В самый темный час. Как рождается жестокость? - страница 2

Шрифт
Интервал


Безразличие и раздражение, появляющееся тогда, когда кто-то указывает на это безразличие, можно проверить на многих интеллектуальных Уровнях. Наиболее очевидным экспериментом будет прямо сказать собеседнику о том, что он заметил с самого начала разговора, а именно о том, что ты еврей. За этим обычно следует небольшая смущенная пауза, а затем идет – нет, не личный вопрос вроде «куда Вы отправились, уехав из Германии?» или знак симпатии, вроде «что произошло с Вашей семьей?», а поток историй о том, как страдали немцы (вполне достоверный, конечно, но неуместный). И если объект этого маленького эксперимента оказывается достаточно образован и умен, он далее обрисует соотношение между страданиями немцев и страданиями других, следствием чего является то, что одно уравновешивает другое, и мы вполне можем перейти к более многообещающей теме для беседы. Столь же уклончивой является обычная реакция на вид развалин. Когда какая-то открытая реакция вообще есть, она заключатся во вздохе, за которым следует наполовину риторический, наполовину тоскливый вопрос: «Почему человечество должно всегда вести войны?» Средний немец ищет причины прошлой войны не в действиях нацистского режима, а в событиях, приведших к изгнанию Адама и Евы из рая.

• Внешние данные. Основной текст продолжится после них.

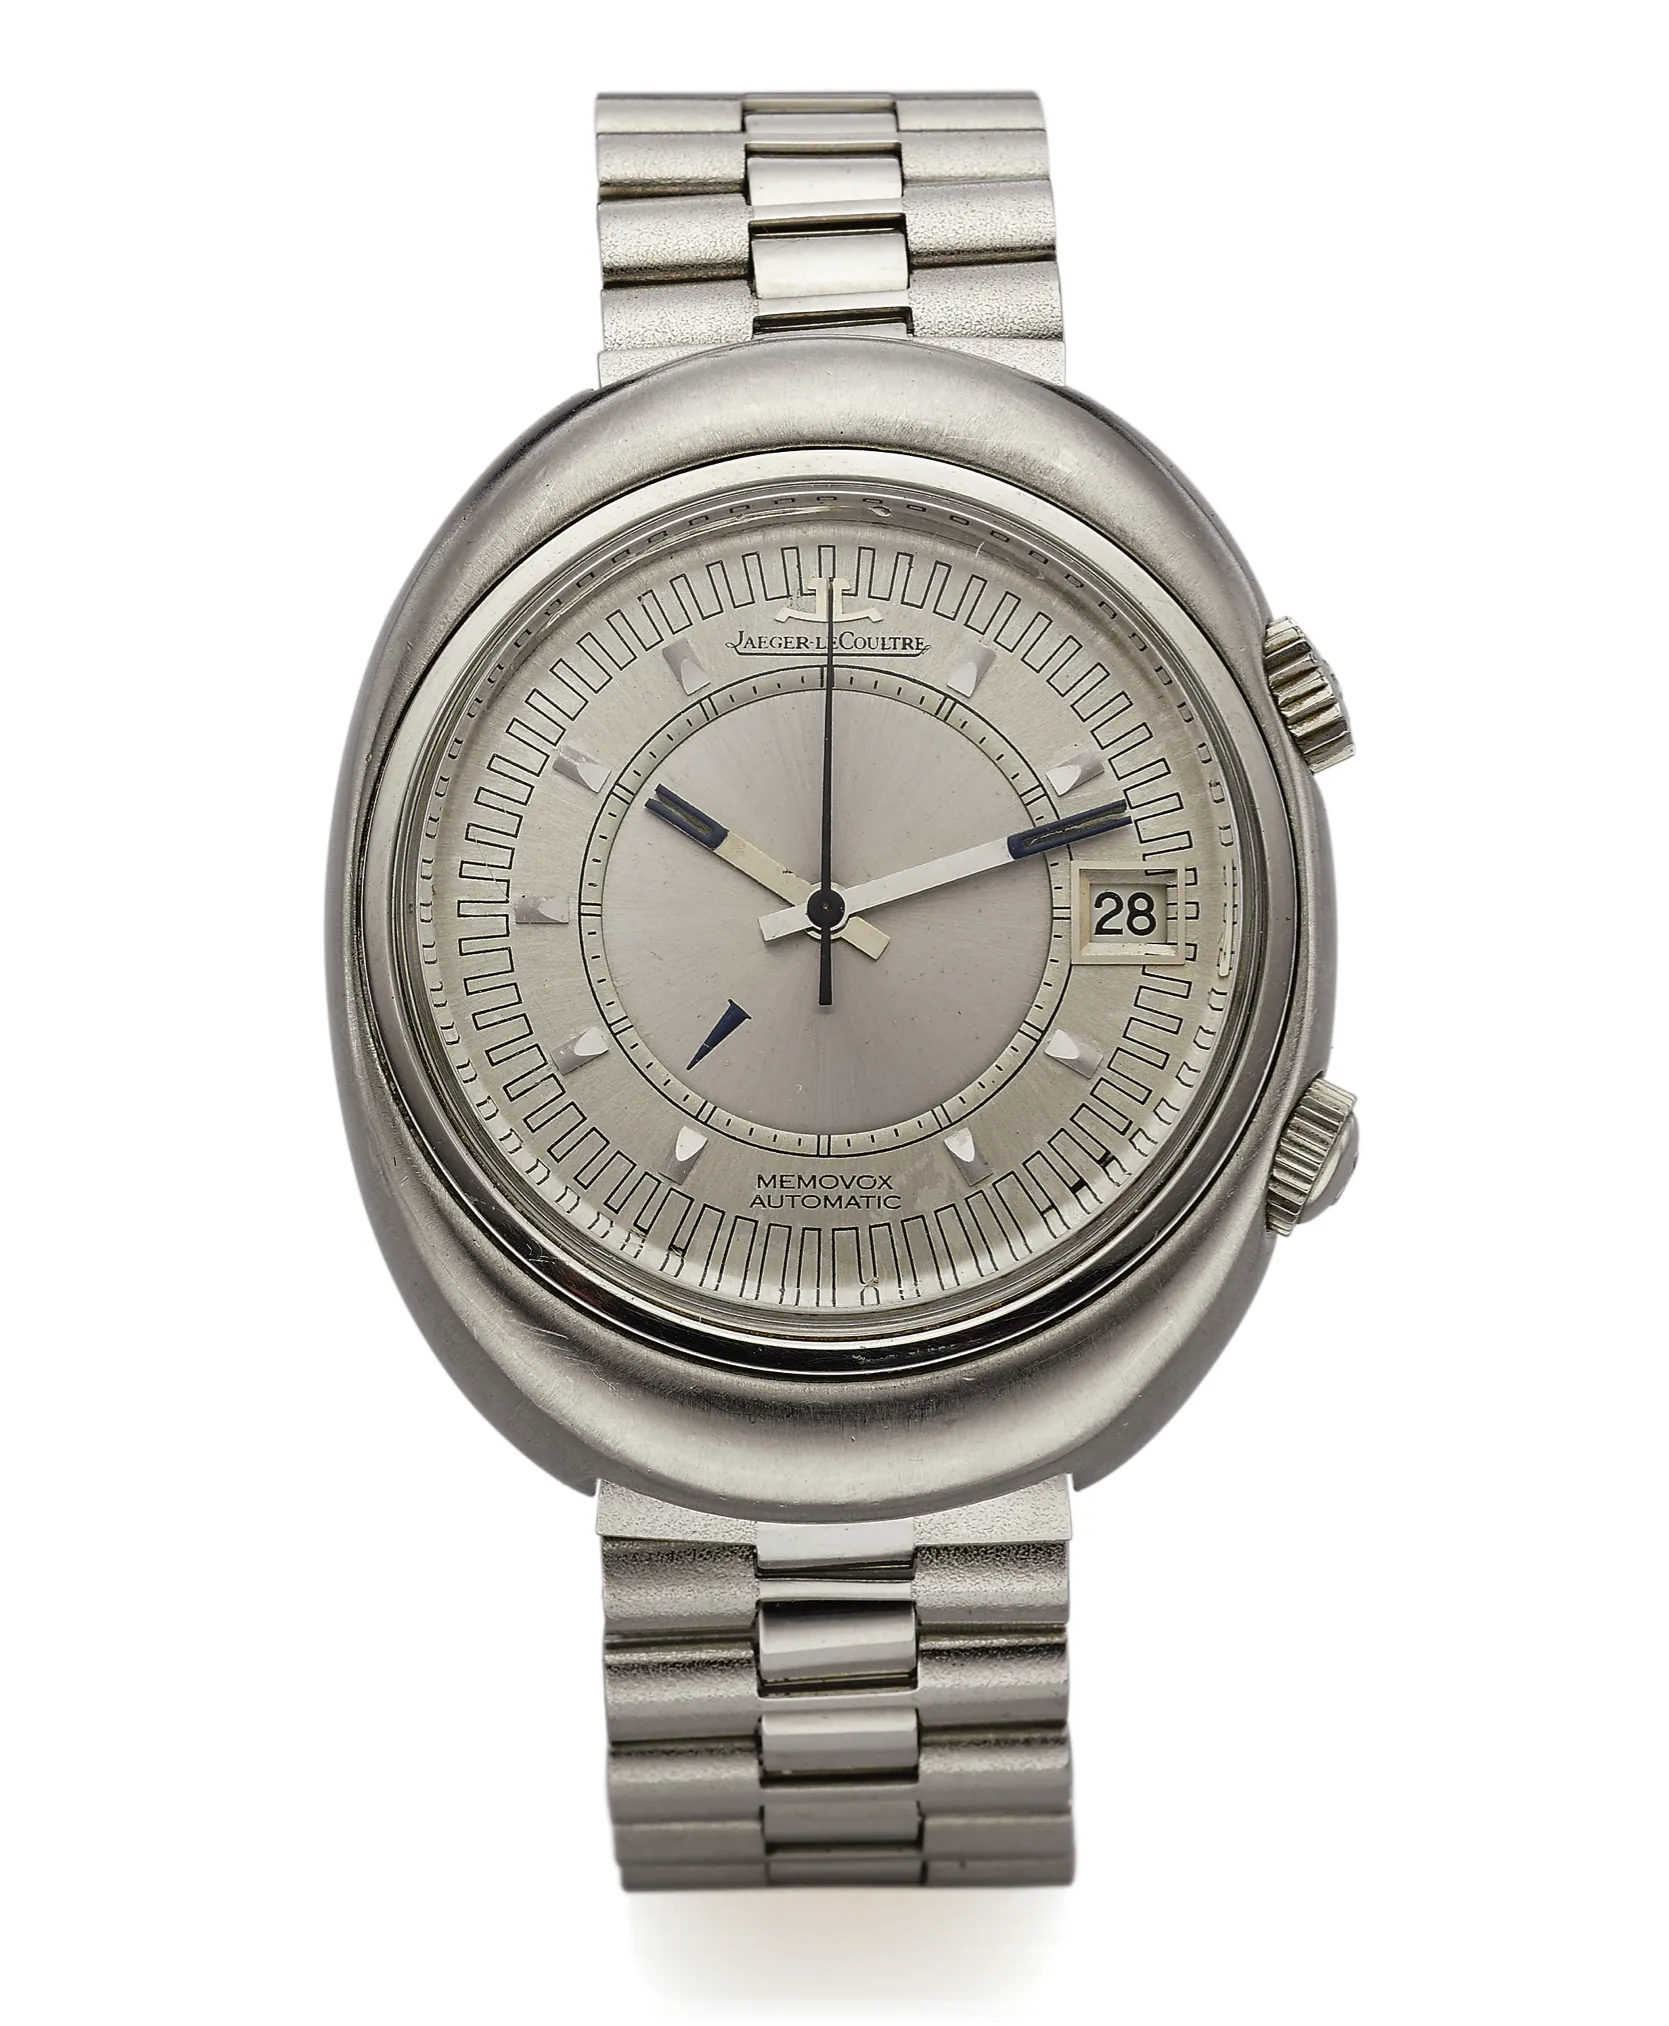 Jaeger-LeCoultre E873 39mm Stainless steel Silver

Такое бегство от реальности есть, конечно, также и бегство от ответственности. В этом немцы не одиноки; все народы Западной Европы сформировали привычку обвинять в своих несчастьях некую внешнюю силу: сегодня это может быть Америка и Атлантический пакт, завтра последствия нацистской оккупации и каждый день недели история в целом. Но эта позиция более выражена в Германии, где искушению винить оккупационные силы во всем трудно противостоять: в британской зоне во всем винят страх британцев перед конкуренцией со стороны Германии, во французской – французский национализм, а в американской зоне, где ситуация лучше во всех отношениях, – незнание американцами европейского менталитета. Эти жалобы совершенно естественны, и все они содержат зерно истины; но за ними кроется упрямое нежелание использовать многие возможности, предоставляемые инициативе немцев. Это, возможно, наиболее отчетливо проявляется в немецких газетах, которые выражают все свои убеждения в тщательно культивируемом стиле Schadenfreude, ехидной радости от разрушения. Это выглядит так, как будто бы немцы, лишенные возможности править миром, впали в любовь к бессилию как таковому и сейчас находят удовольствие в созерцании напряженности на международной арене и неизбежных ошибок в деле управления, независимо от возможных последствий для них самих. Страх перед русской агрессией не всегда приводит к недвусмысленно проамериканской позиции, но часто ведет к решительной нейтральности, как если бы занимать ту или иную сторону в конфликте было бы столь же абсурдным, как становиться на ту или иную сторону во время землетрясения. Осознание того, что нейтральность не изменит чьей-либо участи, в свою очередь не позволяет преобразовать это настроение в какую-то рациональную политику, и само настроение, в силу самой его иррациональности, становится еще более горьким.